The authors used a short-read-based approach to detect TIPs and TAPs. It is known that detecting TE polymorphisms is challenging and can lead to false negatives, depending on the method used and the sequencing coverage. The methodology used here (TEPID) has been previously applied to other species, but it is unclear if the sensitivity of the TIP/TAP caller is equivalent to that of the SNP caller and how these potential differences may affect the results.
Thank you for your positive evaluation of our paper. We have now adjusted the manuscript and the discussion to include the mentioned points on the different TE superfamilies and the reliability of the TE calls. The detailed responses to all the raised points are below.
Private Recommendations:
Reviewer #1:
(1) TE polymorphisms (presence and absence variants) were called from short-read sequencing data using a pipeline (TEPID, Stuart et al. eLife 2016) that is known to have a low specificity as well as a low sensitivity in its detection of presence variants (Baduel et al. MIMB 2021). An assessment of the rate of false positives and false negatives in the data presented in this study and how it varies across TE superfamilies is therefore of crucial importance as it may bias all downstream analyses, especially if it impacts the identification of polymorphisms contributed by retrotransposons, as these are the basis of most conclusions of the manuscript. Nonetheless, the fact that the PCA of the polymorphisms contributed by DNA transposons is less able to distinguish genetic clades than with those contributed by retrotransposons, suggests the issue of false positives is most preeminent for DNA transposons.

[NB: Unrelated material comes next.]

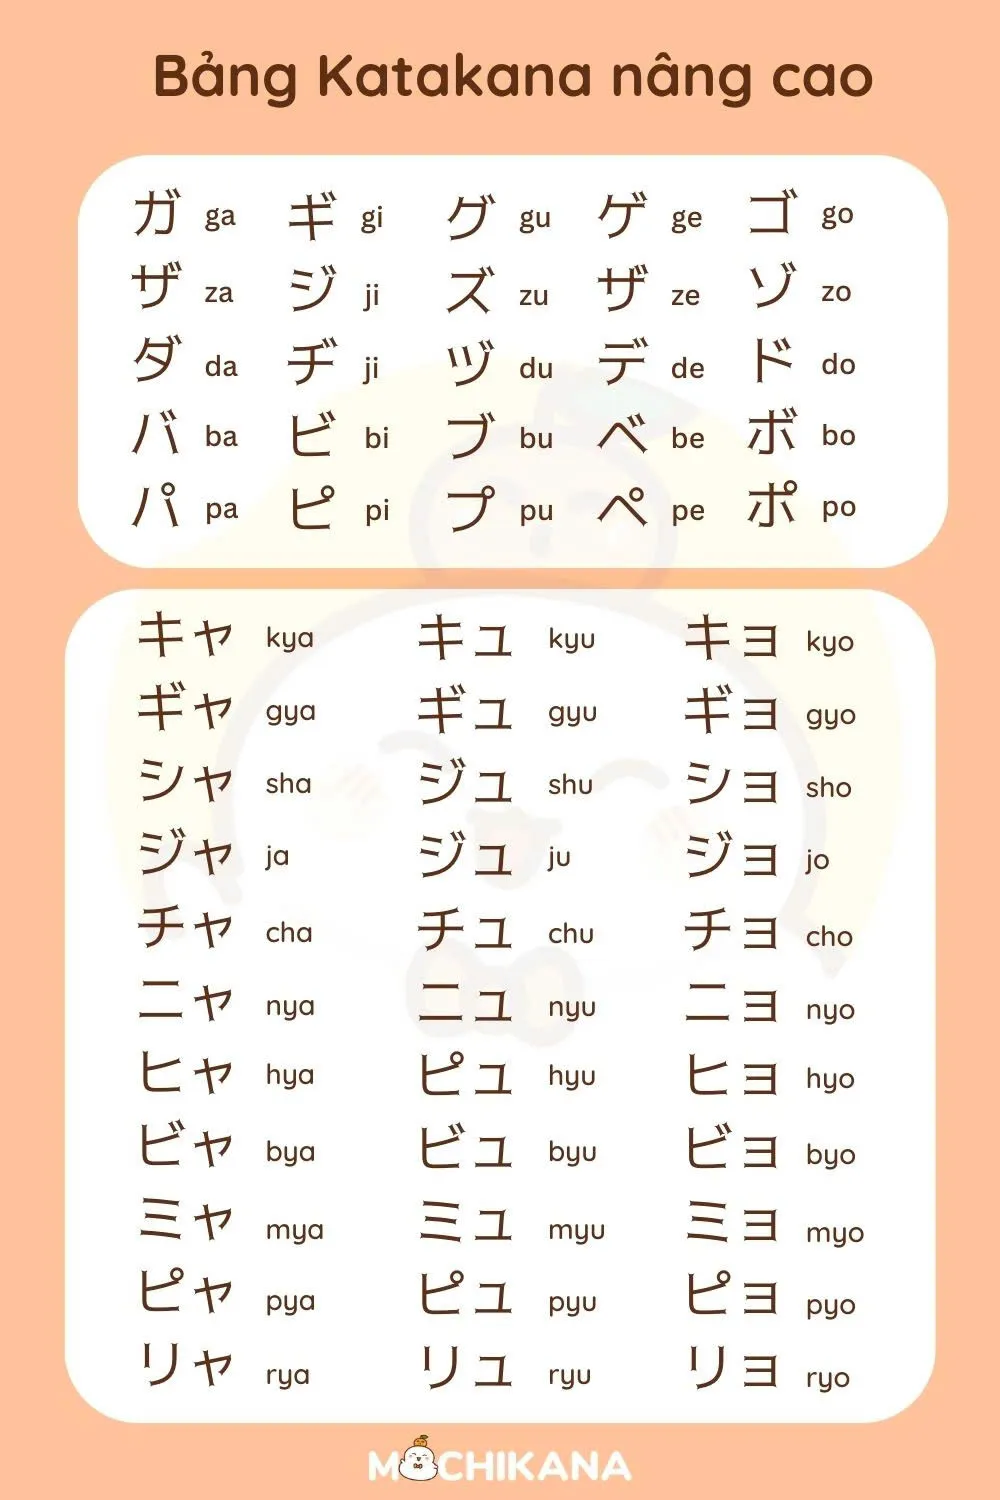 Bảng chữ cái Katakana nâng cao

However, high rates of false positives may explain why no significant increase in TE frequency is detected within selective sweep regions, a result that runs against the expectation of hitch-hiking of neutral or weakly deleterious polymorphisms which the authors claim is the category of many TE polymorphisms. Furthermore, given that the reference genome belongs to the B_east clade, and the TEPID is better at calling absence than presence it may bias analyses in this clade (where clade-specific insertions will take the form of absence in other clades which are well detected) compared to other clades (where clade-specific insertions will be presence polymorphisms and may be missed). A benchmark of TE polymorphism calls could be done by de novo assembling one genome from each clade or by cross-checking at least the presence variant calls from TEPID with those made with another of the many TE calling pipelines available.
We agree with this issue raised by both reviewers regarding the effects of false negative and false positive TE calls. We also think that some reasonable follow-ups should be done to check the potential impact of the false negative and false positive TE calls on the presented results, without turning the manuscript in a method comparison paper as this is not the main goal of this study. Therefore, we generated a subsample of our dataset that included only accession with an average genome wide mapping coverages of at least 20x, as the false negative TE call rate is correlated with the mapping coverage and a high mapping coverage is expected to lead to a reduction in the false negative TE call rates. We then used this subsample to check if our results would change if our dataset had a lower false negative TE call rate. However, reducing the rate of false negative calls through the use of only higher coverage samples did not change our results and interpretations.
Re-running the ANCOVA analyses revealed similar results regarding the accumulation of TEs in selective sweep regions. This was added to the main text Line 143-148: “Similar results were obtained when investigating the number of fixed TE polymorphisms (Additional file 2: Table S1) and the allele frequency of TE polymorphisms (Additional file 2: Table S2) in high iHS regions using a subset of our dataset with an expected lower false negative TE call rate, that only included samples with a genome-wide mapping coverage of at least 20x (see Discussion and Materials and Methods for more details).” and in Additional file 2: Table S1 and S2.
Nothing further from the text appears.